■ **Source material**
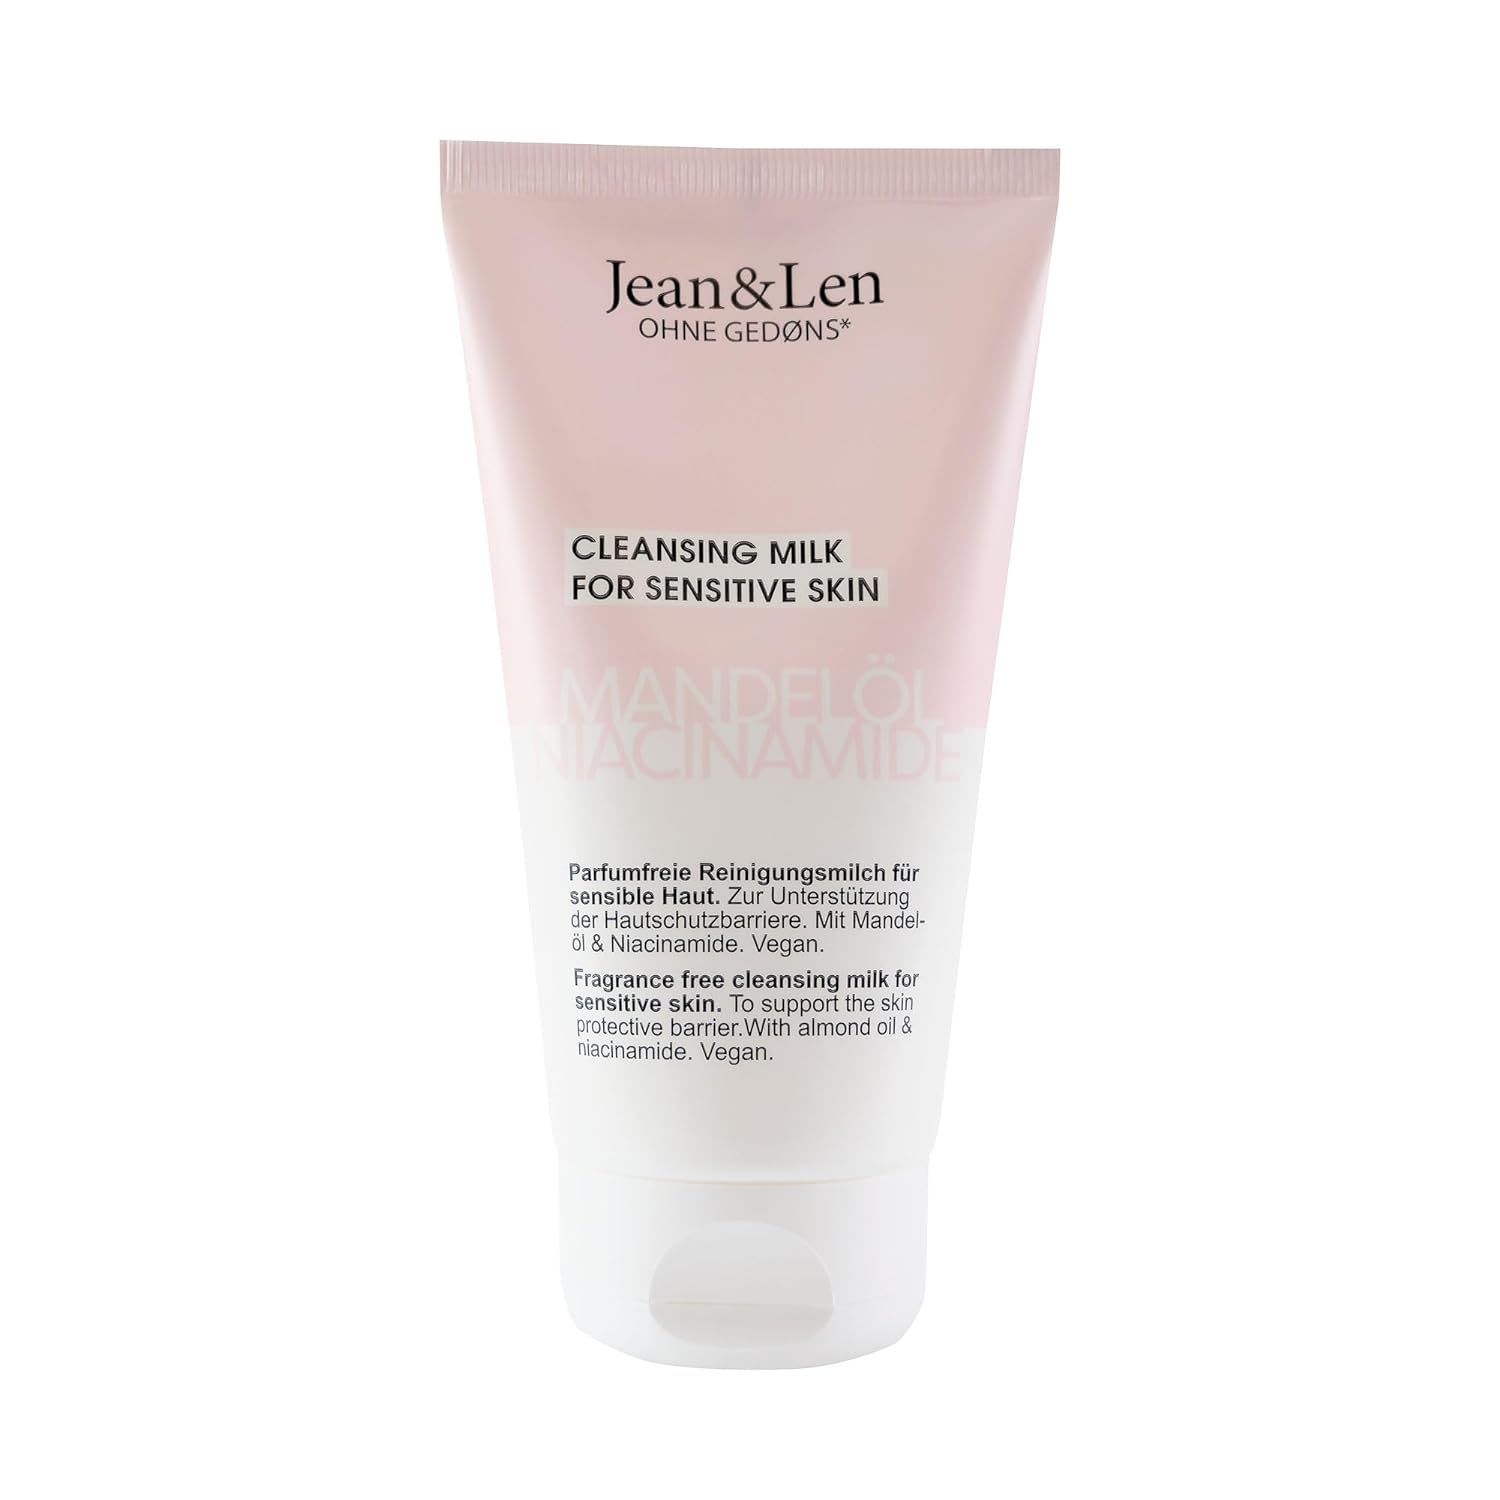 Jean & Len Fragrance-Free Cleansing Milk Almond Oil & Niacinamide, Particularly Mild Cleansing, for Sensitive Skin, Removes Makeup Residues & Dirt Particles, Parabens & Silicones, Vegan, 150 ml
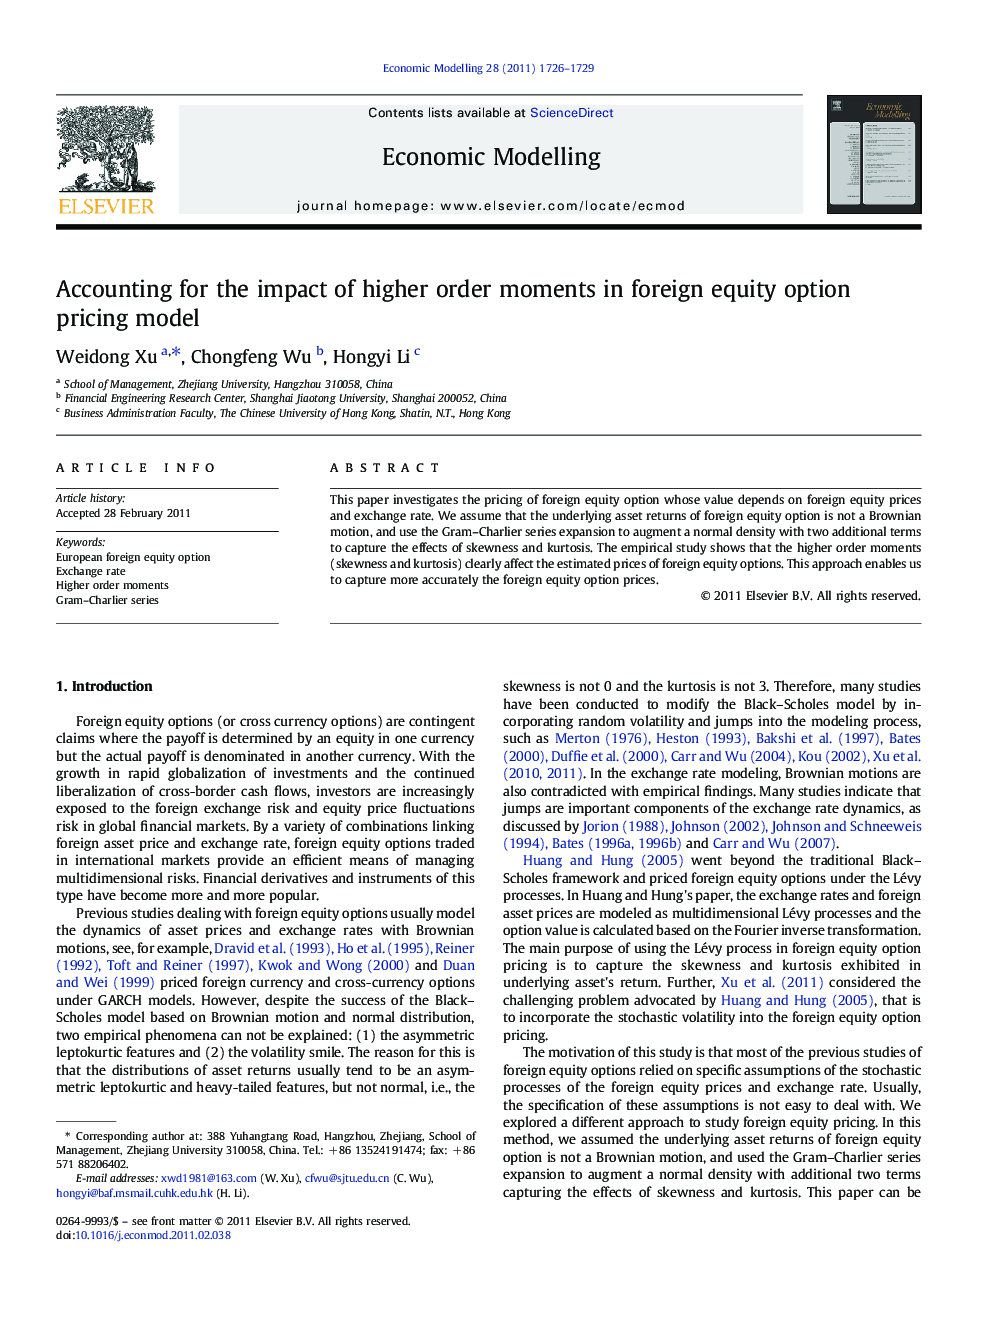 Accounting for the impact of higher order moments in foreign equity option pricing model
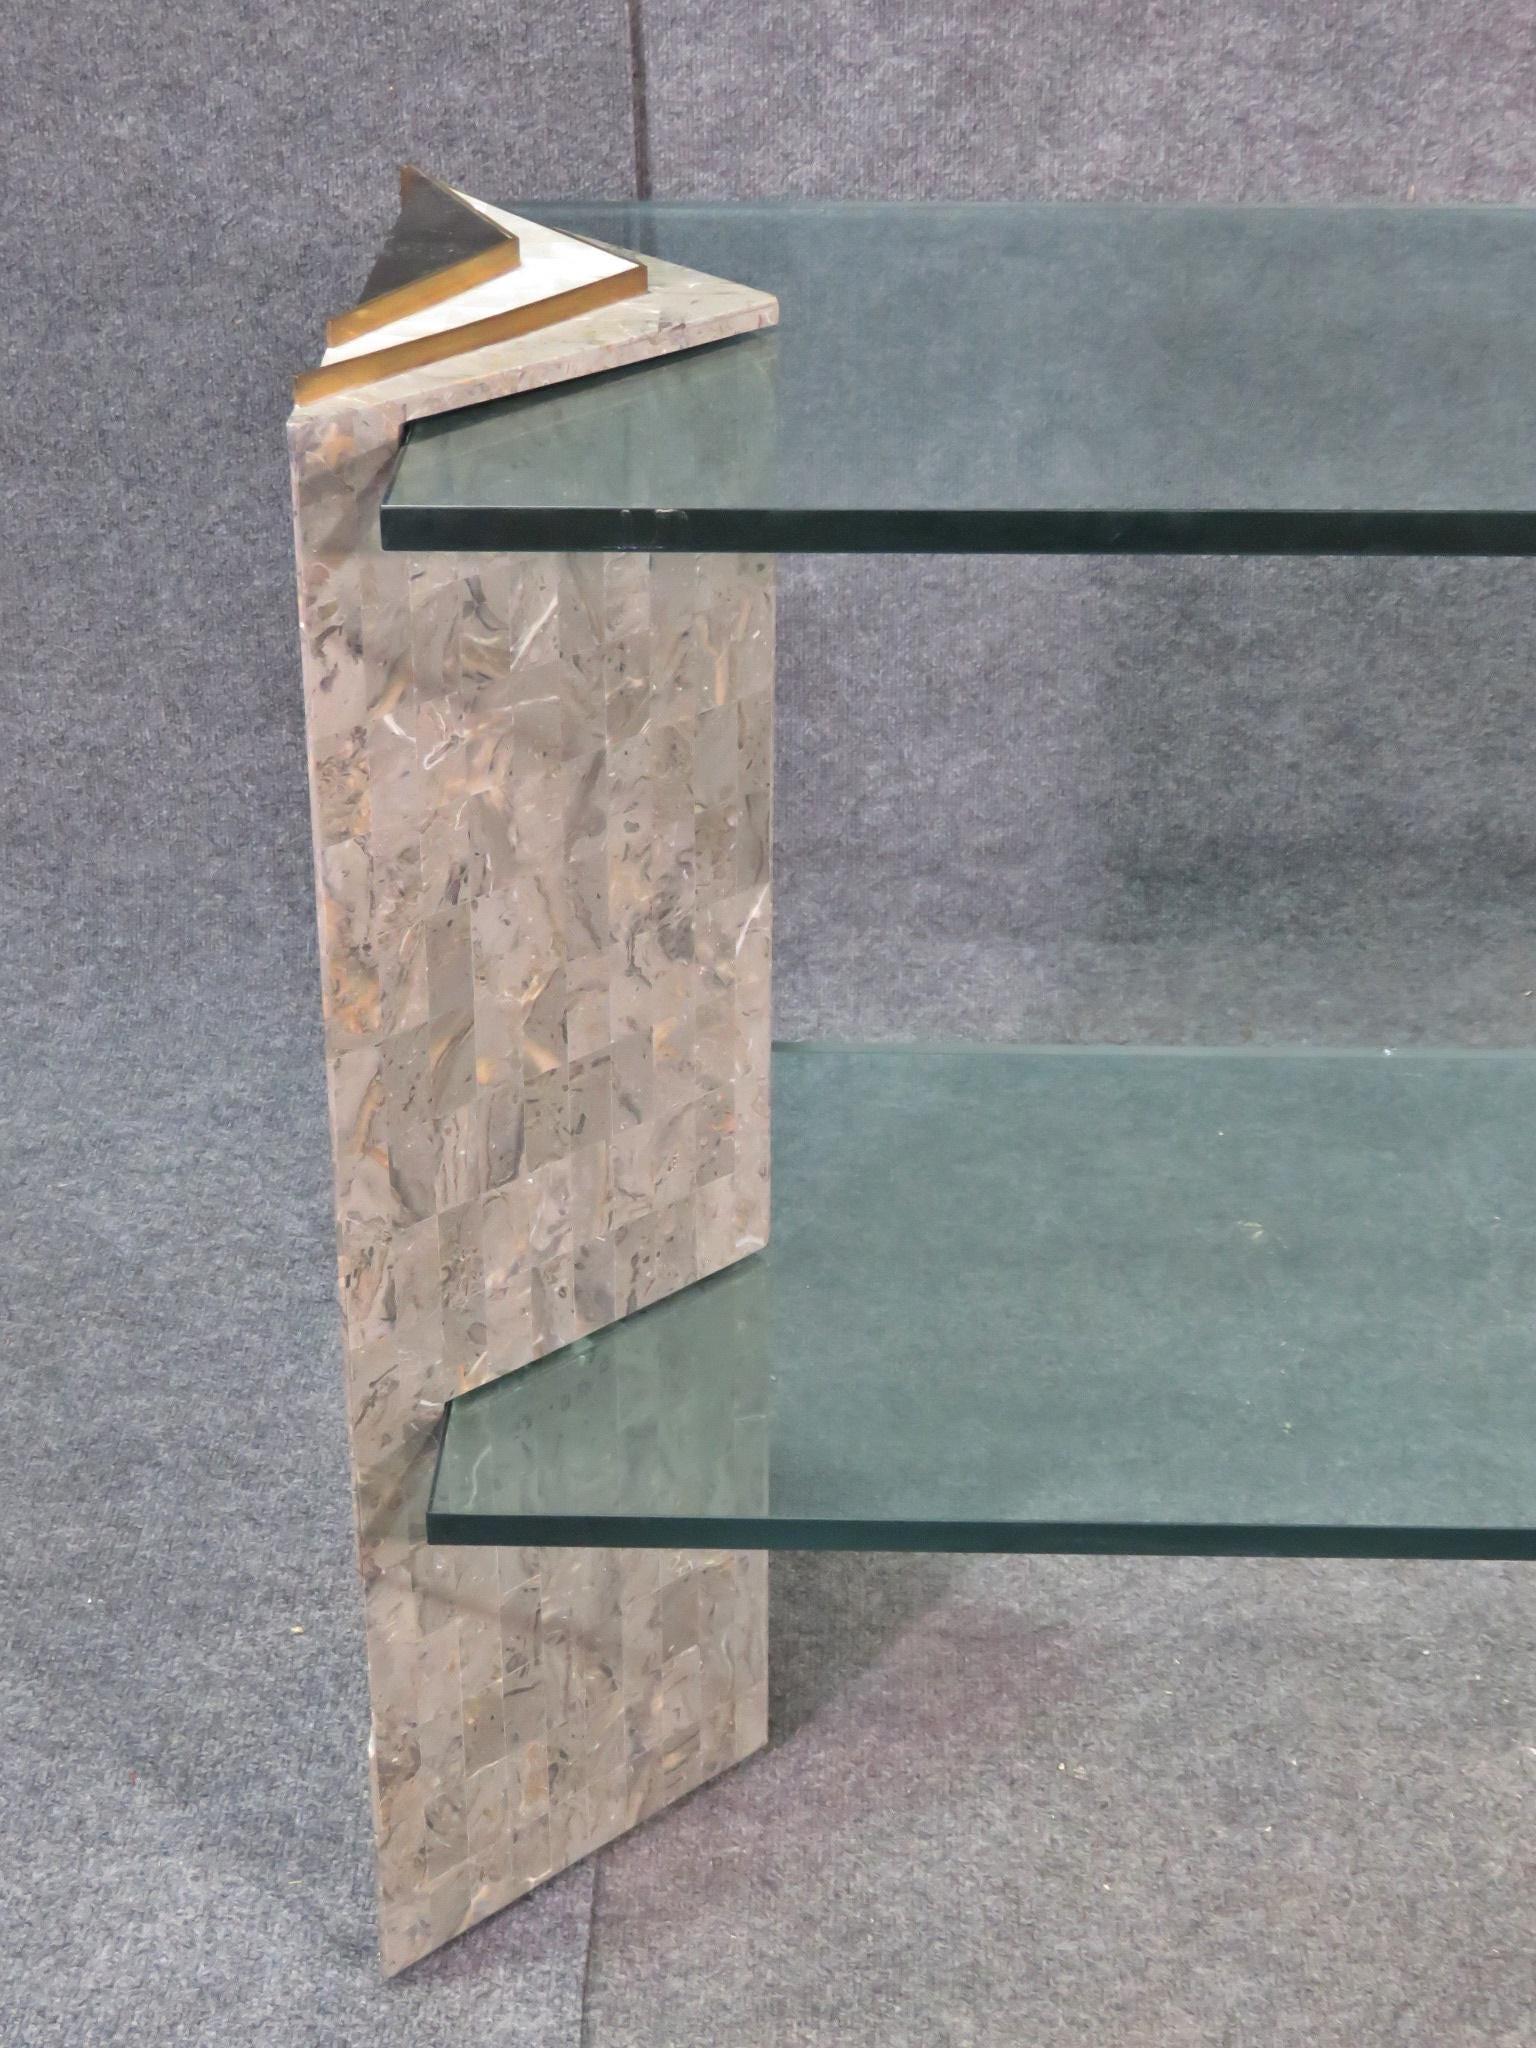 A Mid-Century Modern console table that features an eye-catching combination of stone, mother-of-pearl, brass, and glass. Styled after iconic furniture designers Maitland-Smith. Please confirm item location with seller (NY/NJ).
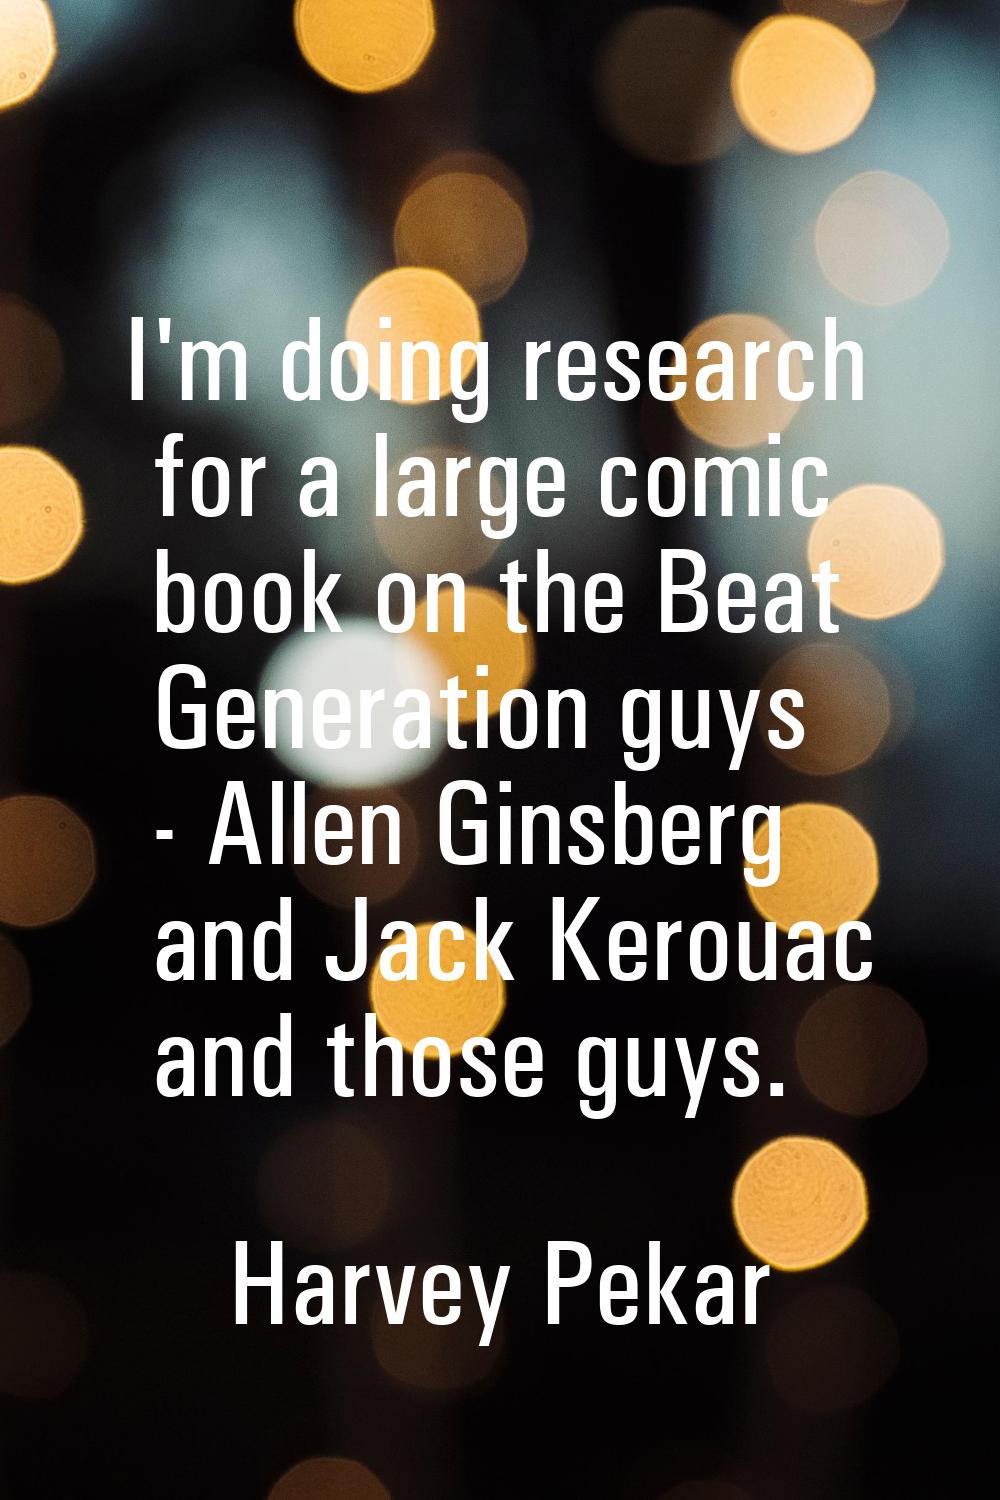 I'm doing research for a large comic book on the Beat Generation guys - Allen Ginsberg and Jack Ker

■ **Directions**
Transcribe all of the data above exactly; no picture belongs in the copy.

■ **Exercise result**
 Jean & Len Fragrance-Free Cleansing Milk Almond Oil & Niacinamide, Particularly Mild Cleansing, for Sensitive Skin, Removes Makeup Residues & Dirt Particles, Parabens & Silicones, Vegan, 150 ml
 Accounting for the impact of higher order moments in foreign equity option pricing model
 A Mid-Century Modern console table that features an eye-catching combination of stone, mother-of-pearl, brass, and glass. Styled after iconic furniture designers Maitland-Smith. Please confirm item location with seller (NY/NJ).
 I'm doing research for a large comic book on the Beat Generation guys - Allen Ginsberg and Jack Ker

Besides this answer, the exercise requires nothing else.